Theory of Approximate Functional Equations

Theory of Approximate Functional Equations
Author: Madjid Eshaghi Gordji,Sadegh Abbaszadeh
Publsiher: Academic Press
Total Pages: 148
Release: 2016-03-03
ISBN 10: 012803971X
ISBN 13: 9780128039717
Language: EN, FR, DE, ES & NL

Theory of Approximate Functional Equations Book Review:

Presently no other book deals with the stability problem of functional equations in Banach algebras, inner product spaces and amenable groups. Moreover, in most stability theorems for functional equations, the completeness of the target space of the unknown functions contained in the equation is assumed. Recently, the question, whether the stability of a functional equation implies this completeness, has been investigated by several authors. In this book the authors investigate these developments in the theory of approximate functional equations. A useful text for graduate seminars and of interest to a wide audience including mathematicians and applied researchers Presents recent developments in the theory of approximate functional equations Discusses the stability problem of functional equations in Banach algebras, inner product spaces and amenable groups

Introduction to Functional Equations

Introduction to Functional Equations
Author: Costas Efthimiou
Publsiher: American Mathematical Soc.
Total Pages: 363
Release: 2011-10-13
ISBN 10: 0821853147
ISBN 13: 9780821853146
Language: EN, FR, DE, ES & NL

Introduction to Functional Equations Book Review:

Functions and their properties have been part of the rigorous precollege curriculum for decades. And functional equations have been a favorite topic of the leading national and international mathematical competitions. Yet the subject has not received equal attention by authors at an introductory level. The majority of the books on the topic remain unreachable to the curious and intelligent precollege student. The present book is an attempt to eliminate this disparity. The book opens with a review chapter on functions, which collects the relevant foundational information on functions, plus some material potentially new to the reader. The next chapter presents a working definition of functional equations and explains the difficulties in trying to systematize the theory.

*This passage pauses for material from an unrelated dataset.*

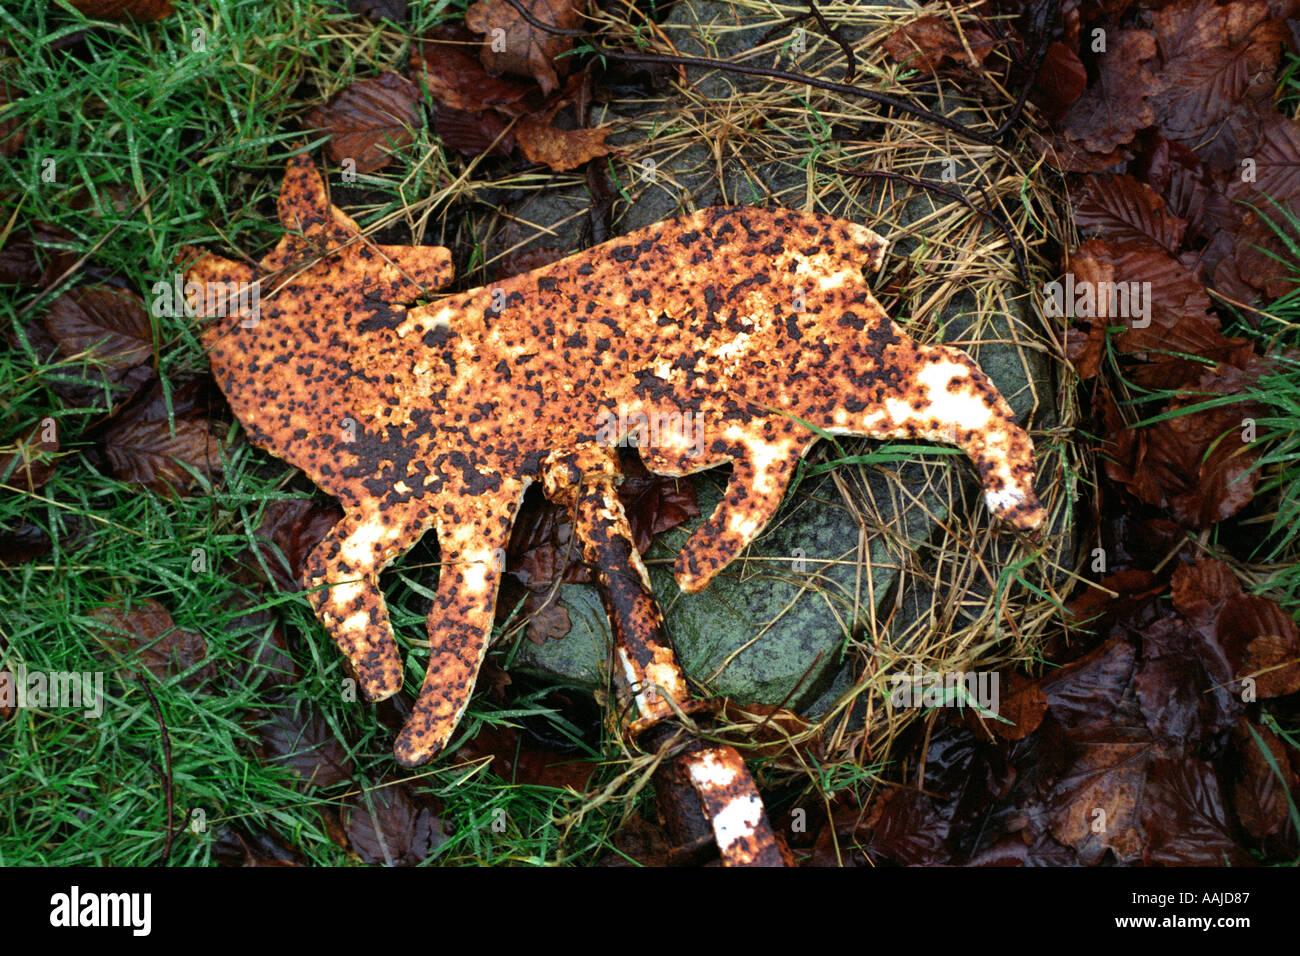 A Fox Profile In Metal The Symbol Of Bedlinog Rfc Glamorgan Wales Uk

With each new chapter, the author presents methods for the solution of a particular group of equations. Each chapter is complemented with many solved examples, the majority of which are taken from mathematical competitions and professional journals. The book ends with a chapter of unsolved problems and some other auxiliary material. The book is an invaluable resource for precollege and college students who want to deepen their knowledge of functions and their properties, for teachers and instructors who wish to enrich their curricula, and for any lover of mathematical problem-solving techniques. In the interest of fostering a greater awareness and appreciation of mathematics and its connections to other disciplines and everyday life, MSRI and the AMS are publishing books in the Mathematical Circles Library series as a service to young people, their parents and teachers, and the mathematics profession.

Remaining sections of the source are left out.